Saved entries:
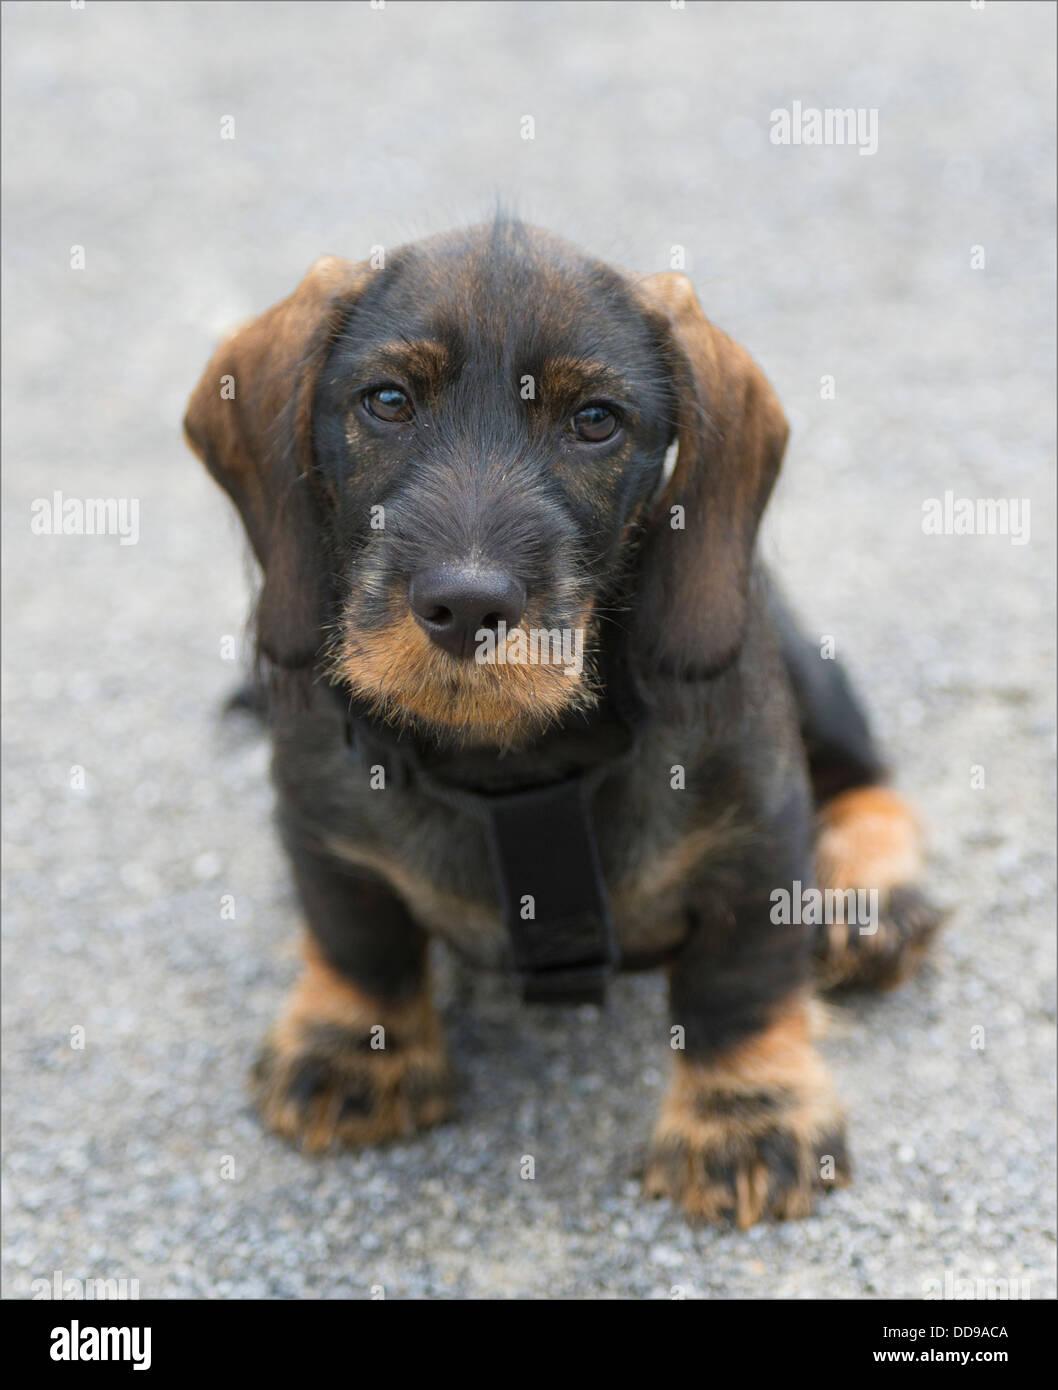 Dachshund 12 Week Old Puppy Sitting - Stock Image
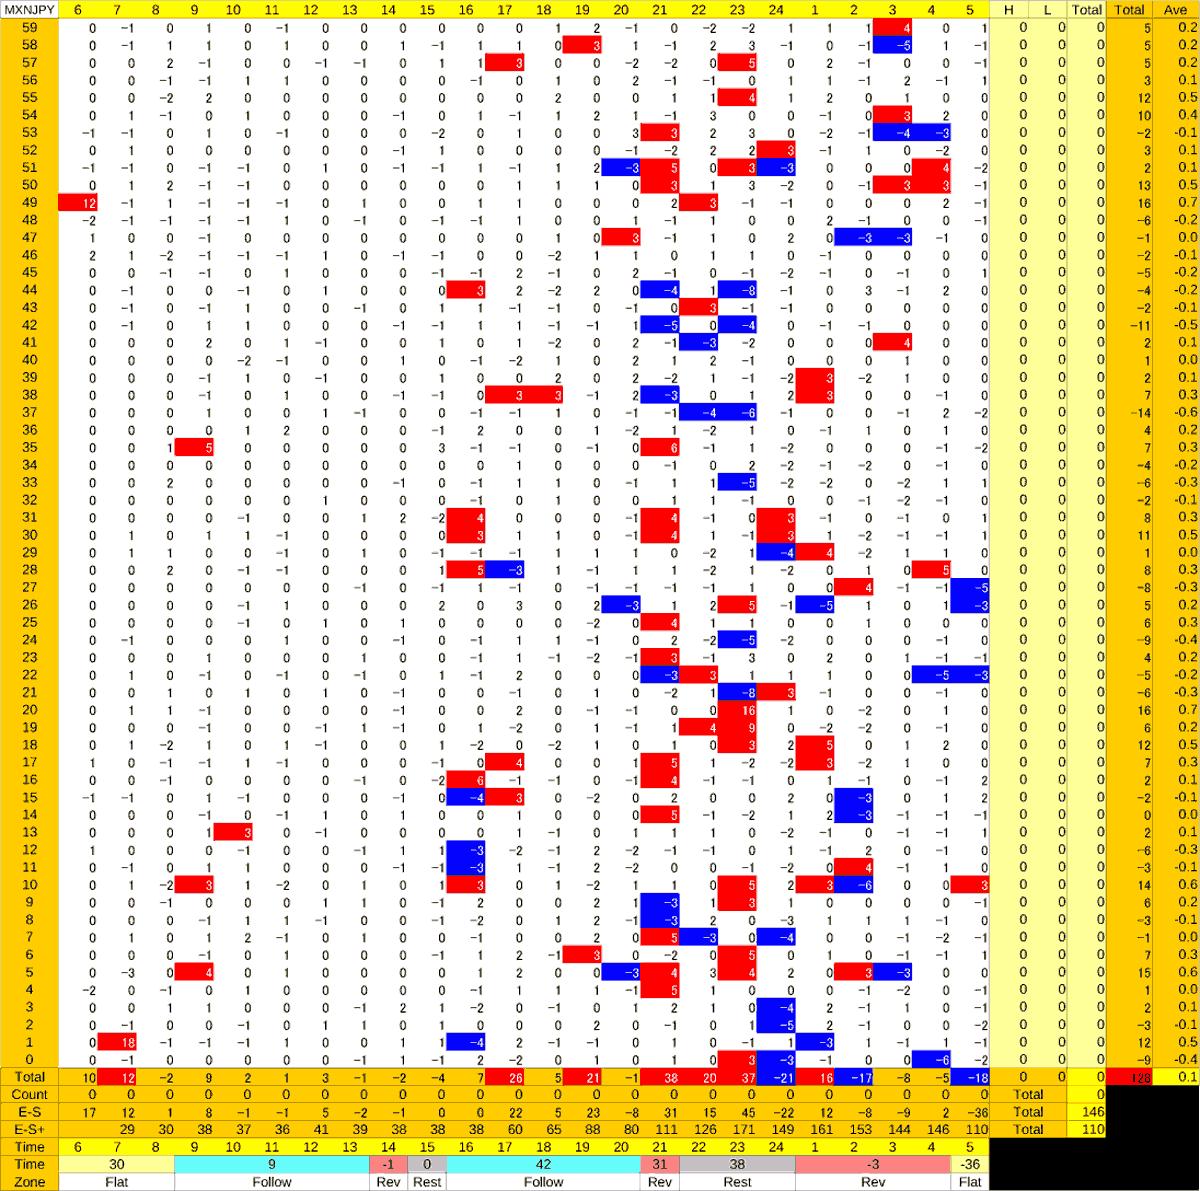 20200602_HS(3)MXNJPY
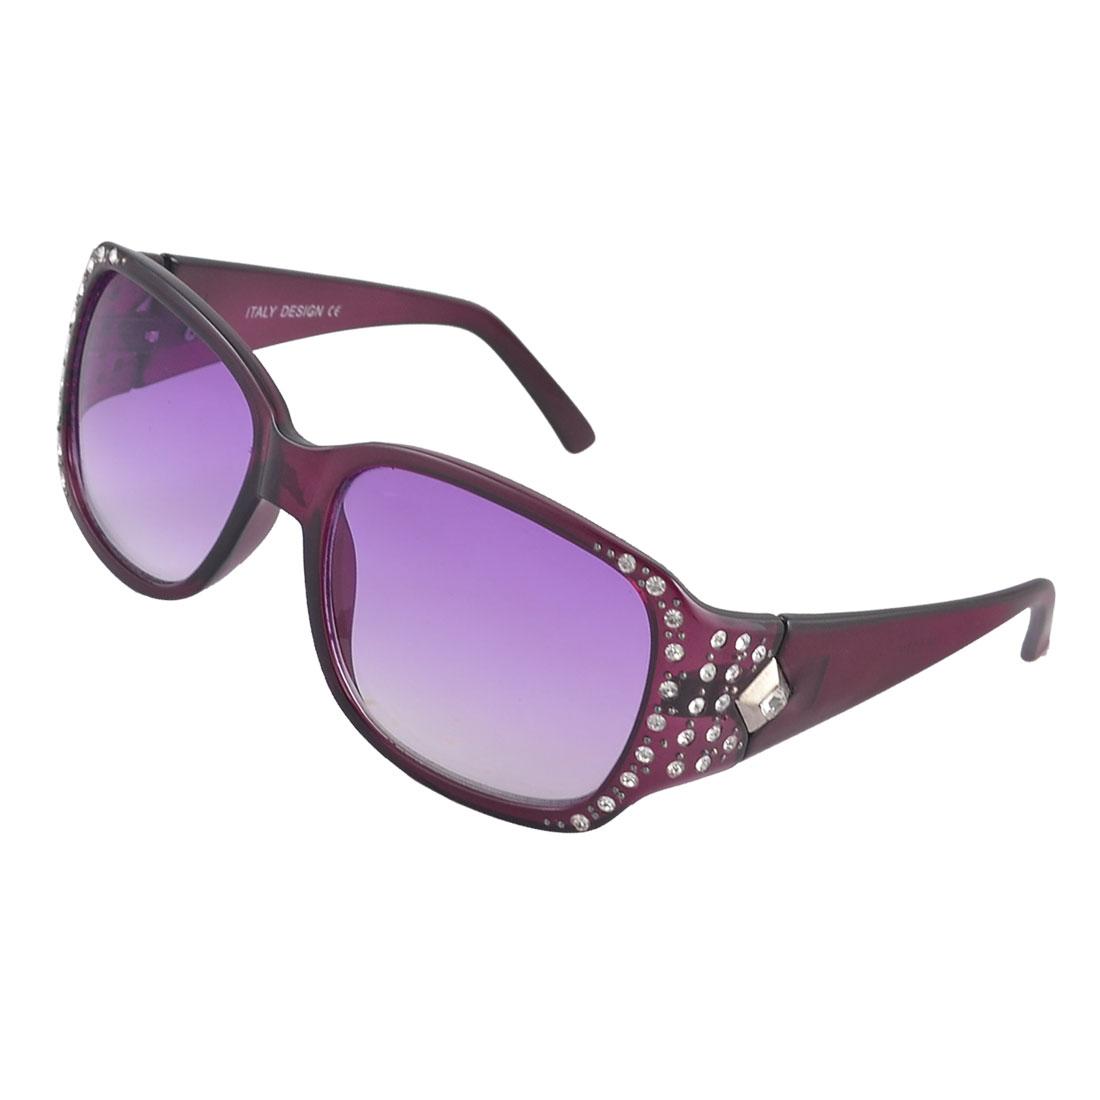 Lady Rhinestone Detail Purple Plastic Full Rim Rectangle Shape Lens Sunglasses
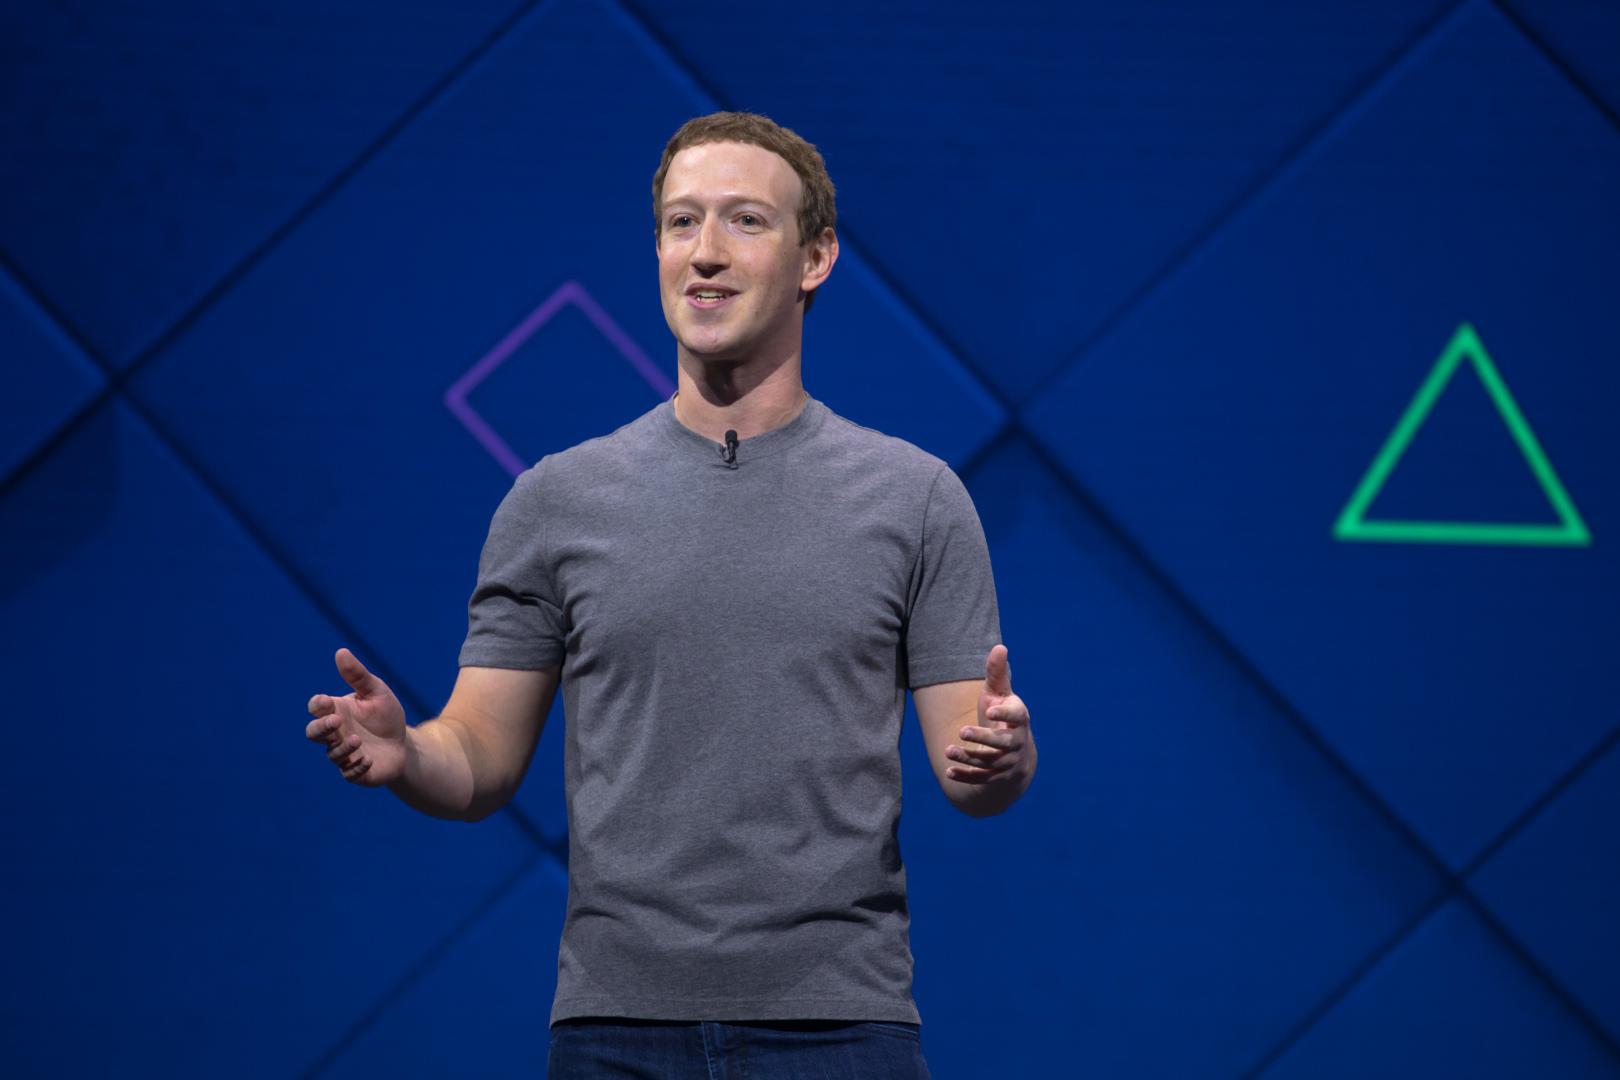 Mark Zuckerberg presenting to an audience.
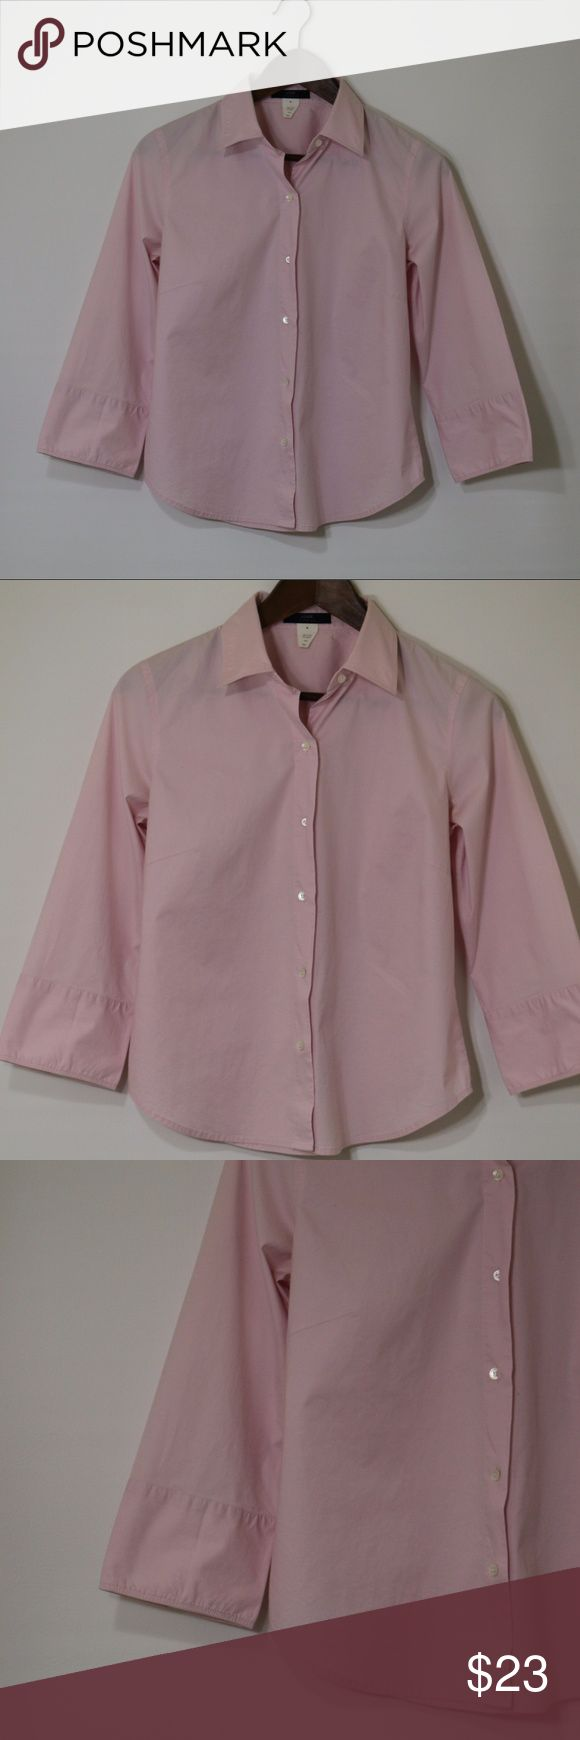 J.Crew button down pink polo shirt J.Crew button down pink polo shirt 98%cotton 2%spandex made in china  B-79 J.Crew Tops Button Down Shirts

__TASK PROMPT__: Restate the records word for word, omitting images.

__SOLUTION__:
 Dachshund 12 Week Old Puppy Sitting - Stock Image
 20200602_HS(3)MXNJPY
 Lady Rhinestone Detail Purple Plastic Full Rim Rectangle Shape Lens Sunglasses
 Mark Zuckerberg presenting to an audience.
 J.Crew button down pink polo shirt J.Crew button down pink polo shirt 98%cotton 2%spandex made in china  B-79 J.Crew Tops Button Down Shirts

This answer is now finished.